Ergebend seufze ich. „Mein Handy ist ins Wasser gefallen und ich habe es versucht noch zu retten, aber es ist kaputt.“ Auch das ist gelogen, aber immerhin nur zur Hälfte. Als unser Gespräch zu Ende zu scheinen ist, steht Jacob auf und bittet mich ihm zu folgen. In unserer Familie gibt es kaum Geheimnisse allerdings verstehe ich den Gedanken meiner Eltern, dass sie meine kleinen Geschwister nicht auf dumme Ideen bringen wollen. In meinem Zimmer angekommen, fordert er mich mit einem zärtlichen Blick zum Reden auf. Ich bin jedoch nicht in der Stimmung mir die nächste Lüge einfallen zu lassen, weshalb ich ihn stumm betrachte.

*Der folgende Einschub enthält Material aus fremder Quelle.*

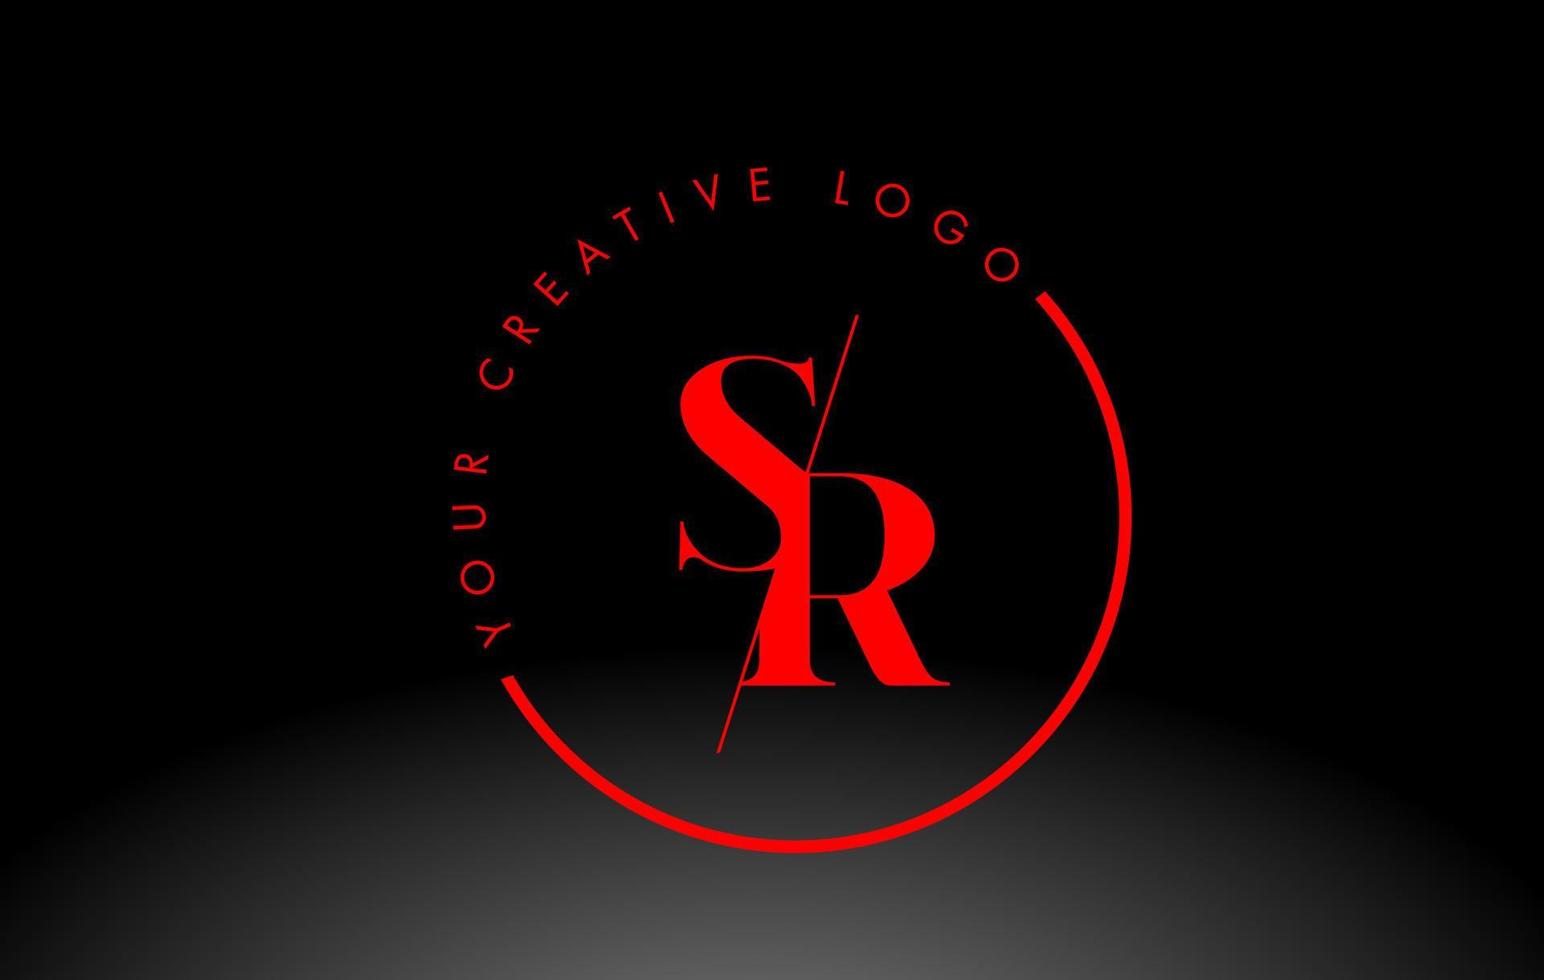 Red SR Serif Letter Logo Design with Creative Intersected Cut. vector

„Das ist nicht zum ersten Mal passiert, Maddie. Was ist los mit dir?“ Tatsächlich landet mein Handy oft unsanft irgendwo auf. Meistens, wenn ich es ‚ausversehen‘ gegen die Wand werfe. Doch bis zu diesem Augenblick bin ich ohne Fragen davongekommen. „Ich bin eben tollpatschig“, sage ich, starre auf einen Punkt hinter meinem Dad.

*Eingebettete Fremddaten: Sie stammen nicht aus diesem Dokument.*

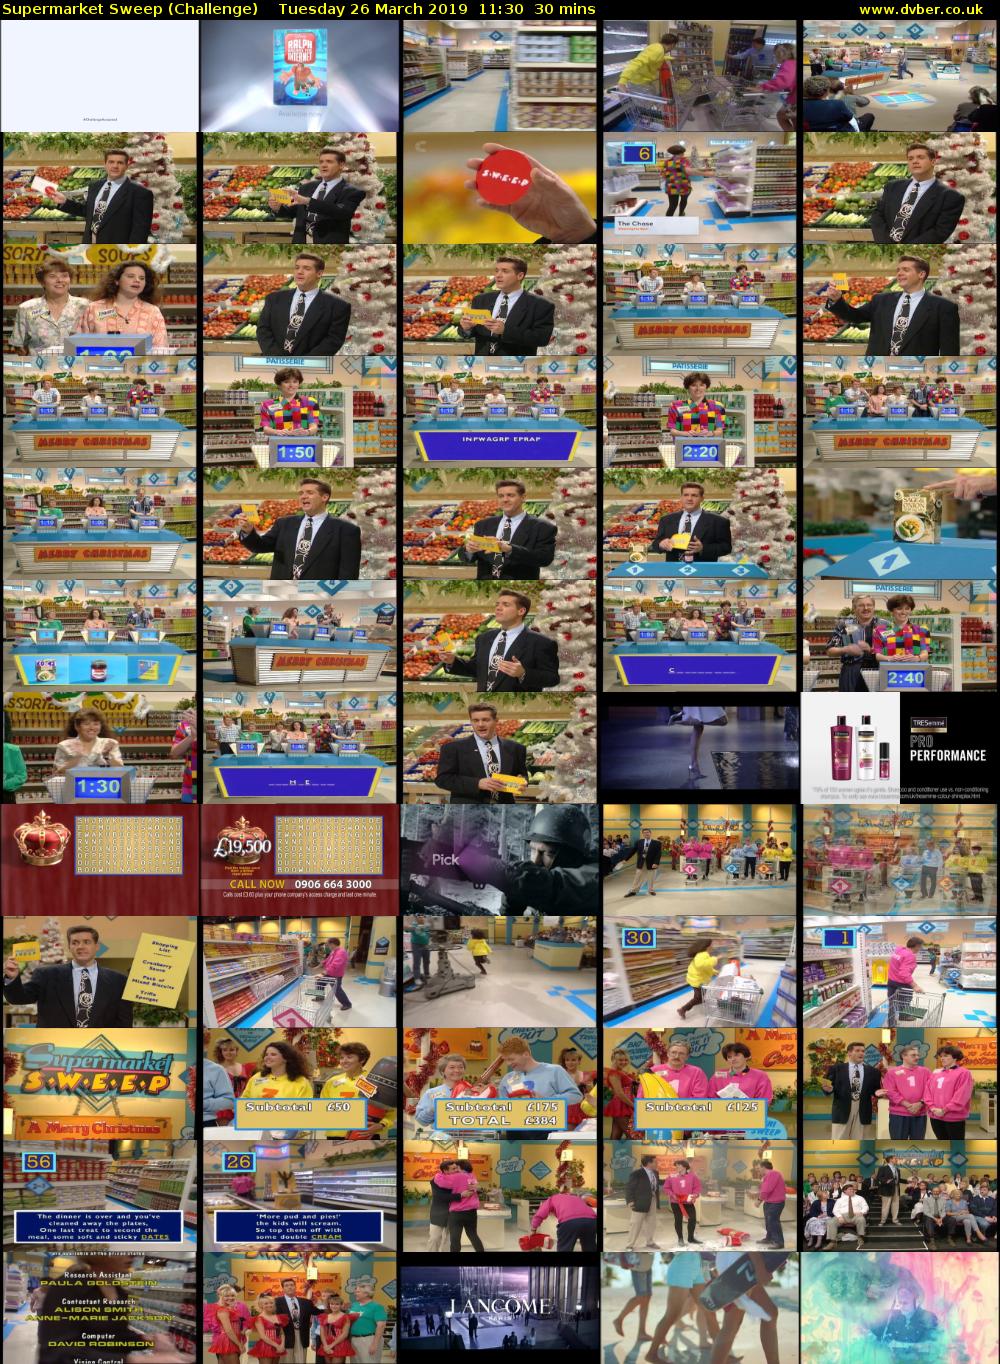 Supermarket Sweep (Challenge) Tuesday 26 March 2019 11:30 - 12:00

„Nick auch, und dennoch lässt er alles außer sein Handy fallen.“ Er sieht mich noch immer liebevoll an, als könnte er damit bewirken, dass ich rede wie ein Wasserfall. Es bewirkt genau das Gegenteilige. Wie könnte ich eines Tages zu ihnen sagen, sie werden von den Menschen in meiner Umgebung runter gemacht? Wie könnte ich den Gedanken verkraften, dass sie sich vorwerfen mich adoptiert zu haben, und ich dadurch unter den anderen Menschen leide? Das kann ich nicht und ich möchte es auch nicht. „Dad, ich bin müde. Ich möchte jetzt einfach nur schlafen gehen!“, sage ich leise und gähne um meine Aussage zu verstärken. „Maddie, wir lieben dich! Du kannst uns alles sagen!“ Ich nicke. Als wüsste ich das nicht, doch gerade weil ich die beiden auch liebe, könnte ich das nicht verkraften.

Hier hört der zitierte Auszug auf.